To evaluate the entries, we relied on the expertise of our judges (see "The Judges," at the end of this story). They set up a scoring system based on the approach that many investors use to evaluate business plans (see "How We Chose the Winners"). The most difficult tasks, they said, were passing up amazing ideas not backed up by strong business plans, and evaluating extremely diverse enterprises. "It’s challenging when you have to compare opening a desert cafe with a technology company that could have a multibillion-dollar impact but hasn’t yet been to market," says judge Kay Koplovitz, the founder of USA Networks.

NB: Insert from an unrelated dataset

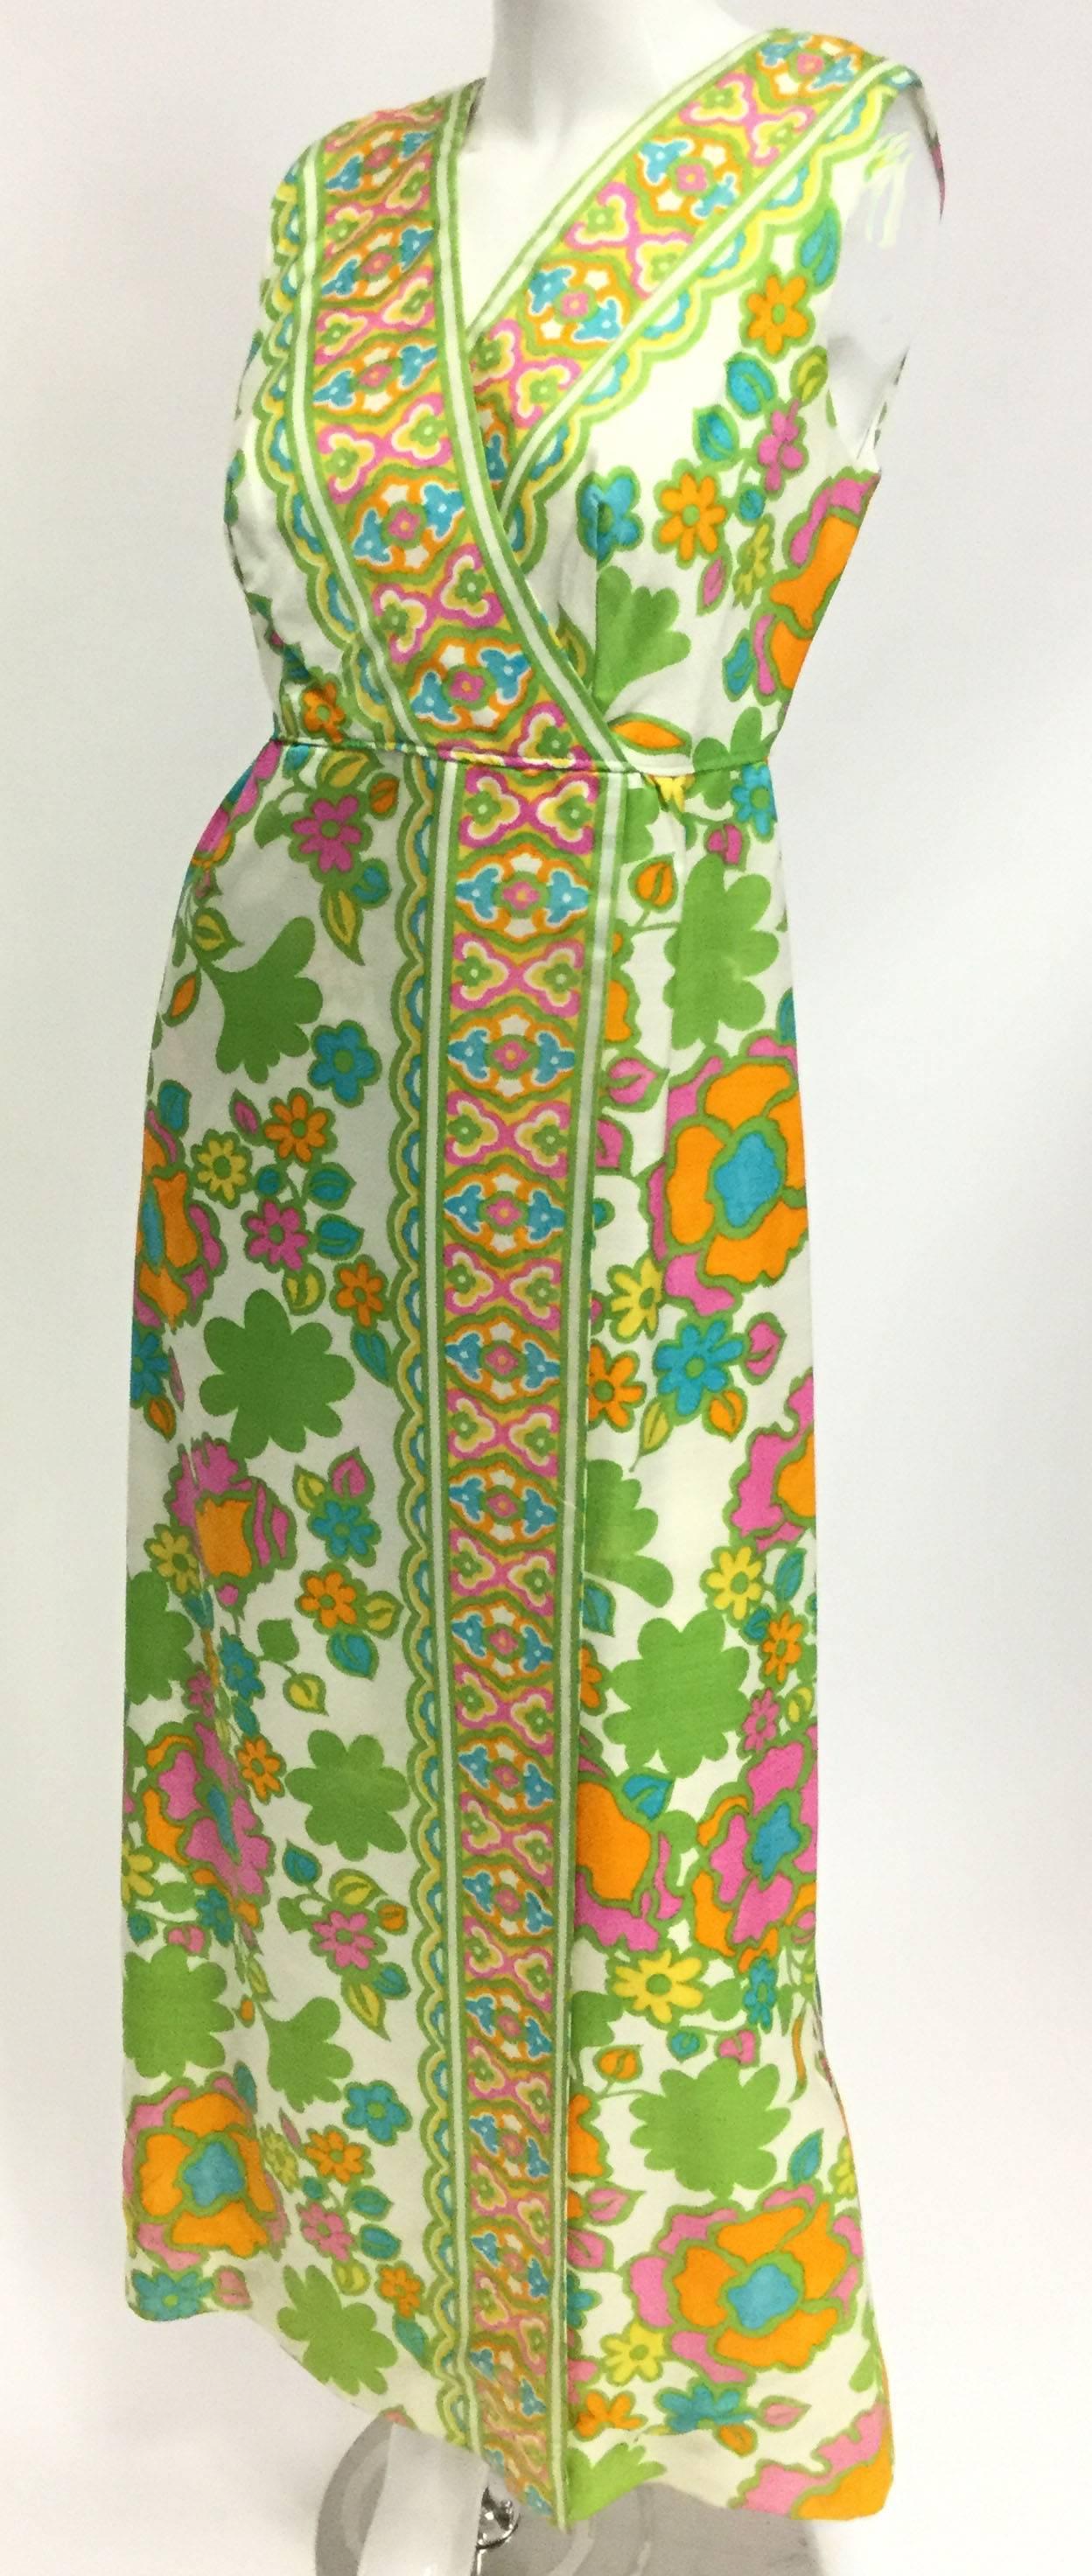 This sleeveless, ankle length dress features a V-neck front collar as well as V-neck back scoop, and a long open sheath skirt. The print features a whimsical flower print and playful geometric hem borders in a fresh combination of colors including

The eight teams that scored the highest had the chance to compete in our oral competition. Students had ten minutes to pitch their businesses by phone, the way they might to a venture capitalist. The first-prize winner won $50,000; the second, $10,000; and the third, $5,000. The prize money came from the Edison Preservation Foundation, a nonprofit dedicated to preserving Thomas Alva Edison’s legacy of innovation, and from Entrex, an Internet company based in Washington, D.C., that connects private firms with potential investors and that was founded by our judge Stephen Watkins.

It won’t be clear for years whether the winners we’ve profiled or their many talented competitors will leave a permanent mark on the entrepreneurial world. But you may wake up someday and find one of them breathing down your neck.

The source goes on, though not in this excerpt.